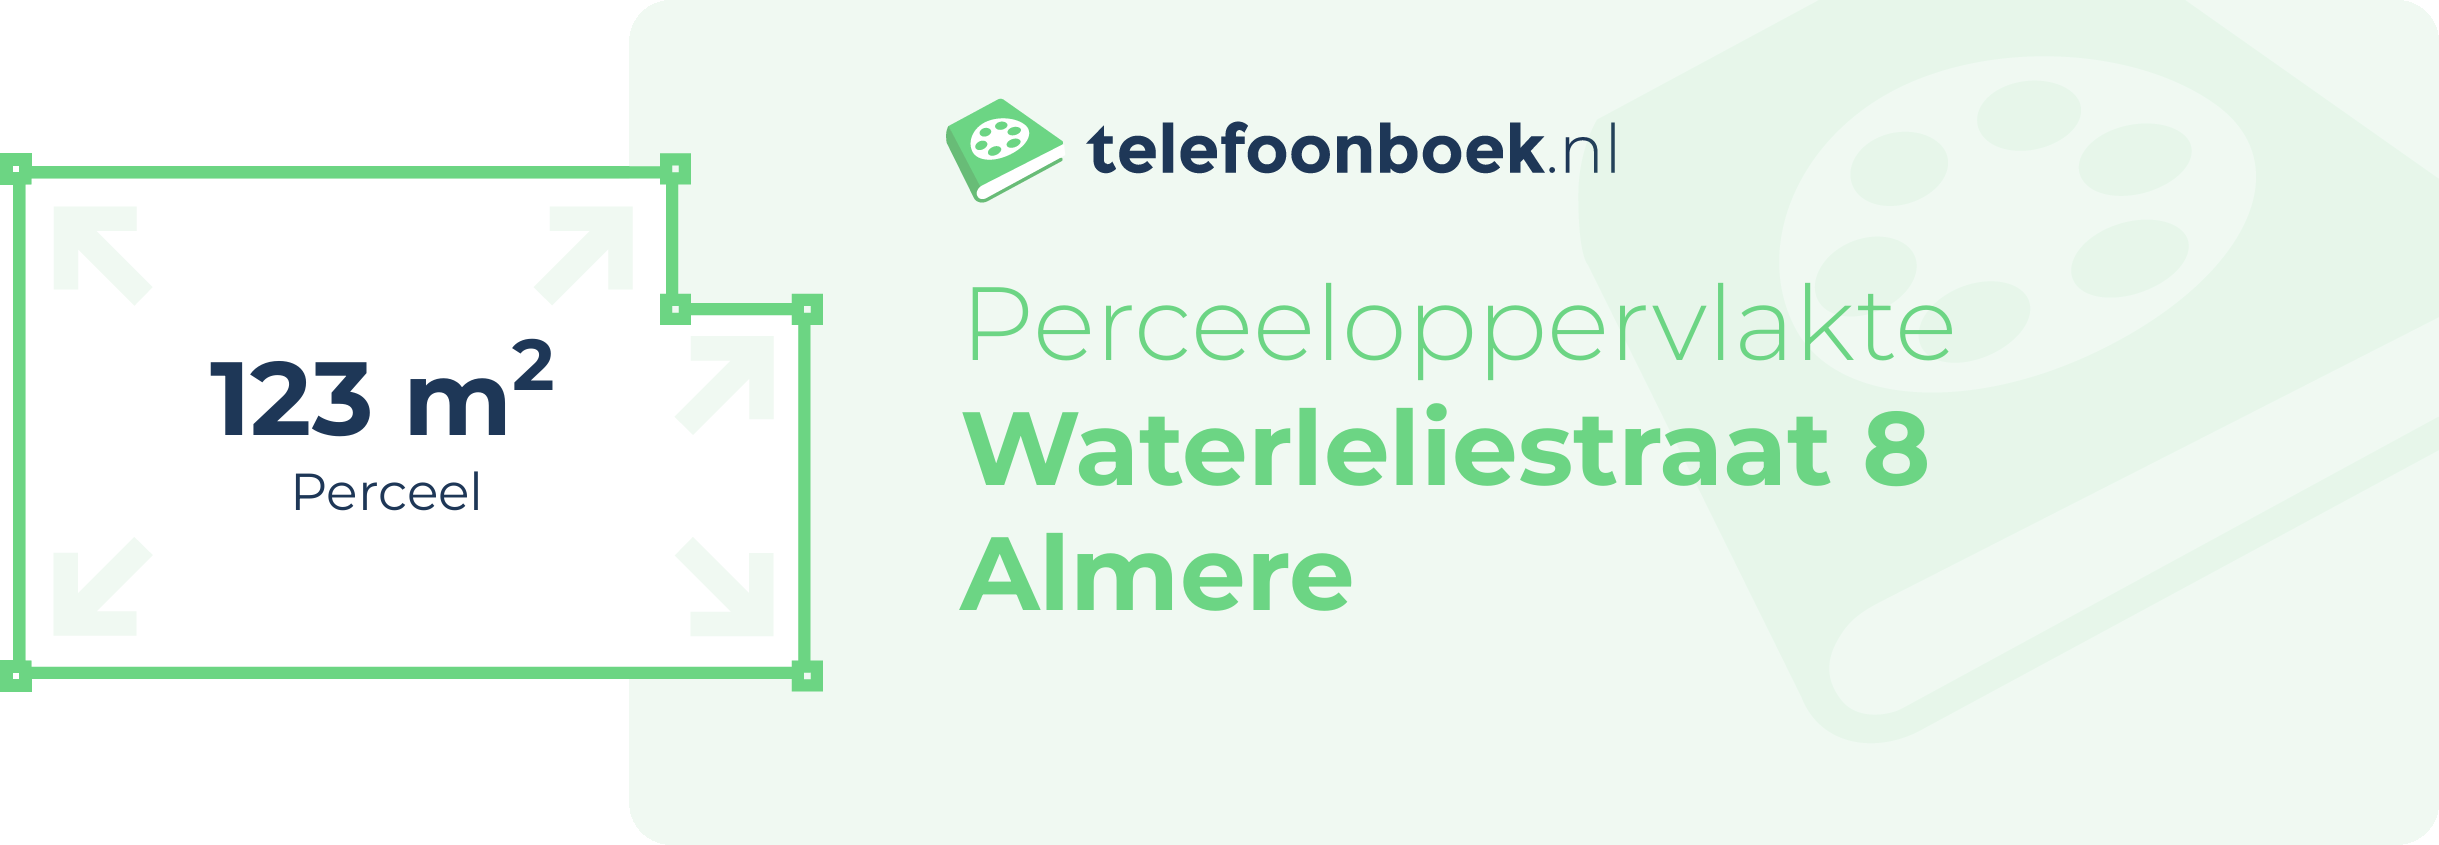 Perceeloppervlakte Waterleliestraat 8 Almere
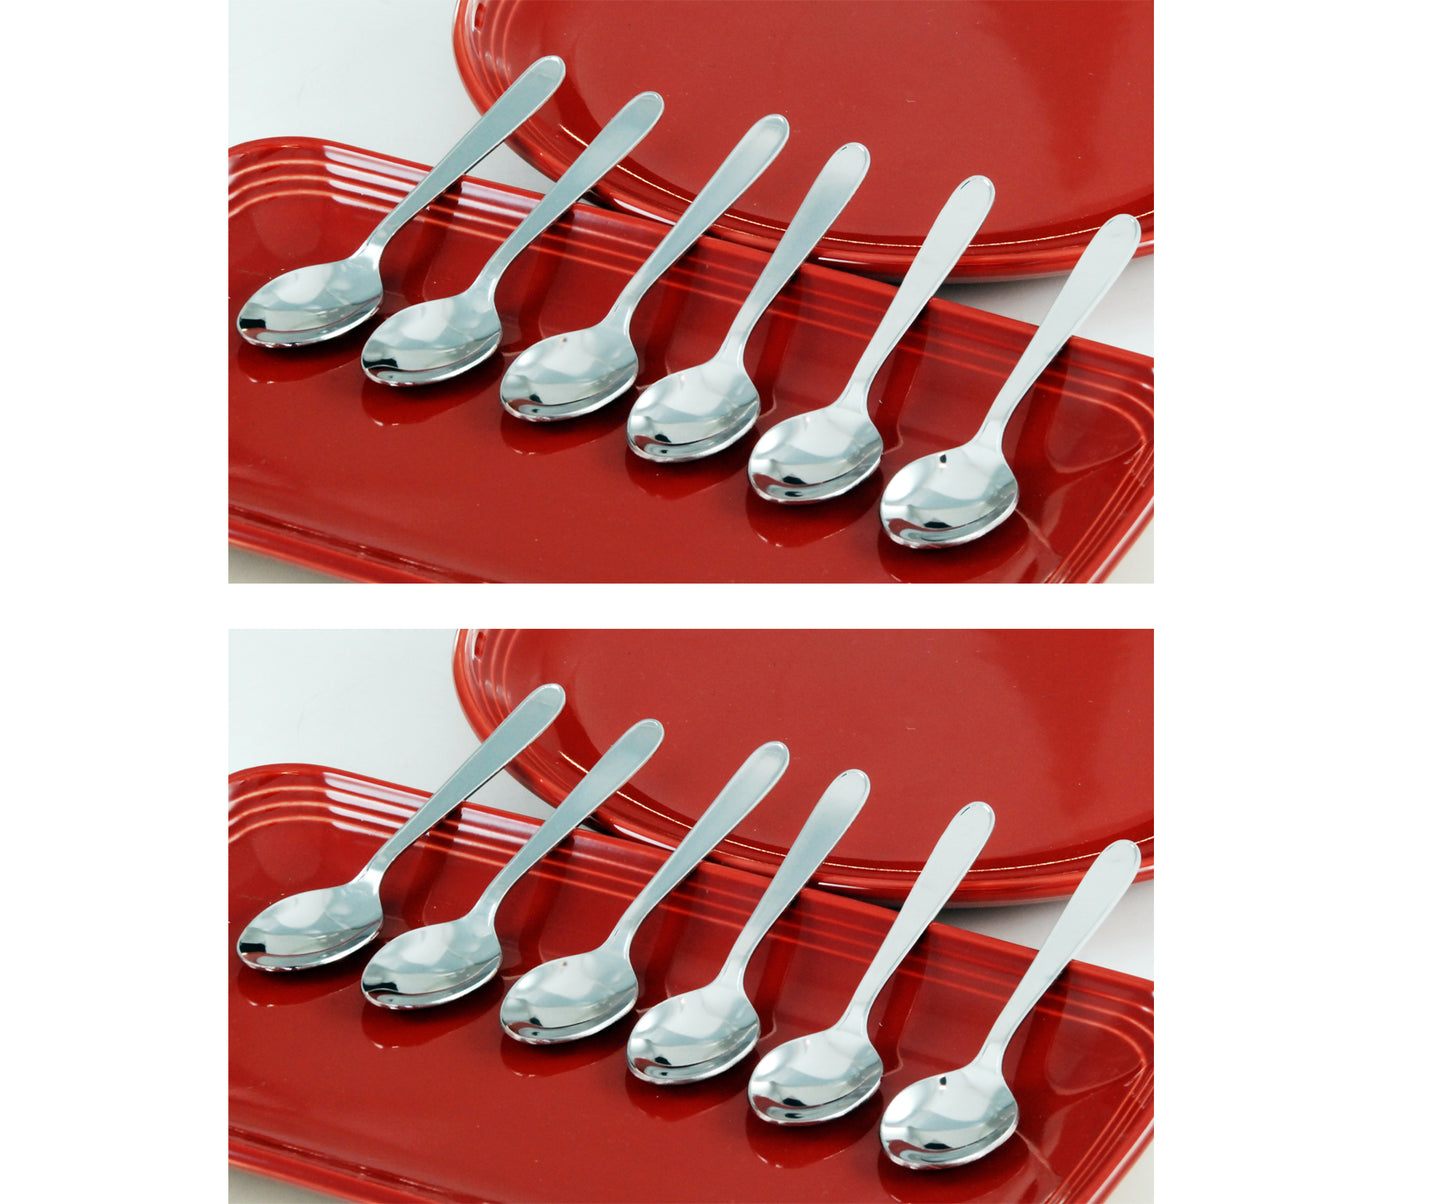 Buckingham Stainless Steel Tea Spoons Teaspoons : Pack of 12
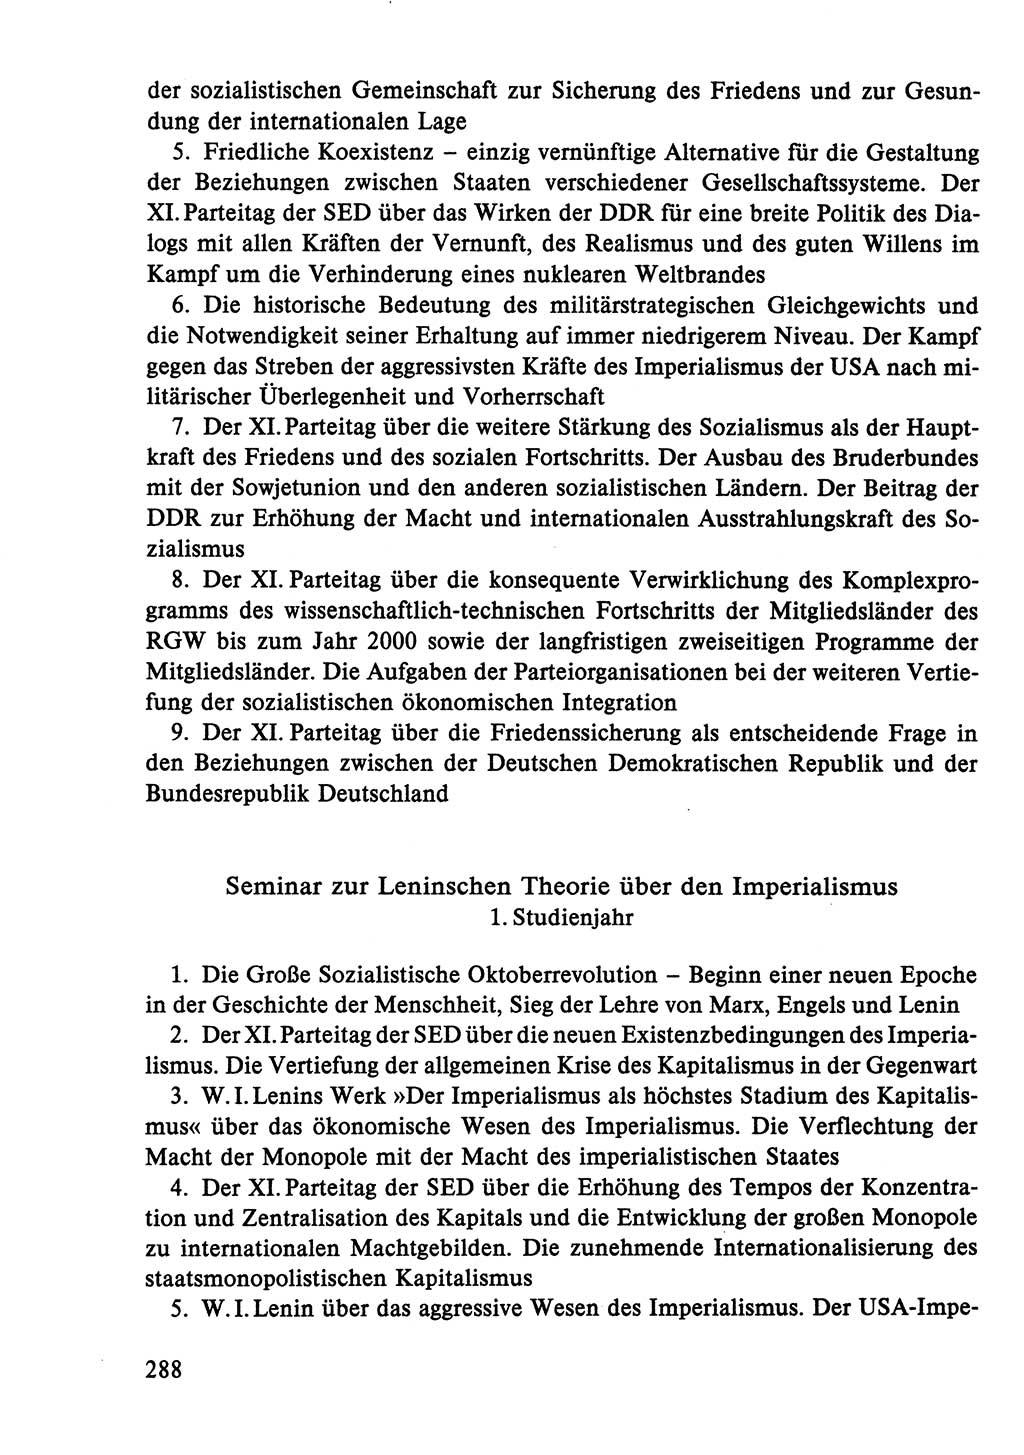 Dokumente der Sozialistischen Einheitspartei Deutschlands (SED) [Deutsche Demokratische Republik (DDR)] 1986-1987, Seite 288 (Dok. SED DDR 1986-1987, S. 288)

Your task —
The expected result is the complete listing above, printed exactly, with no pictures.

Completed task —
 Perceeloppervlakte Waterleliestraat 8 Almere
 Buckingham Stainless Steel Tea Spoons Teaspoons : Pack of 12
 Dokumente der Sozialistischen Einheitspartei Deutschlands (SED) [Deutsche Demokratische Republik (DDR)] 1986-1987, Seite 288 (Dok. SED DDR 1986-1987, S. 288)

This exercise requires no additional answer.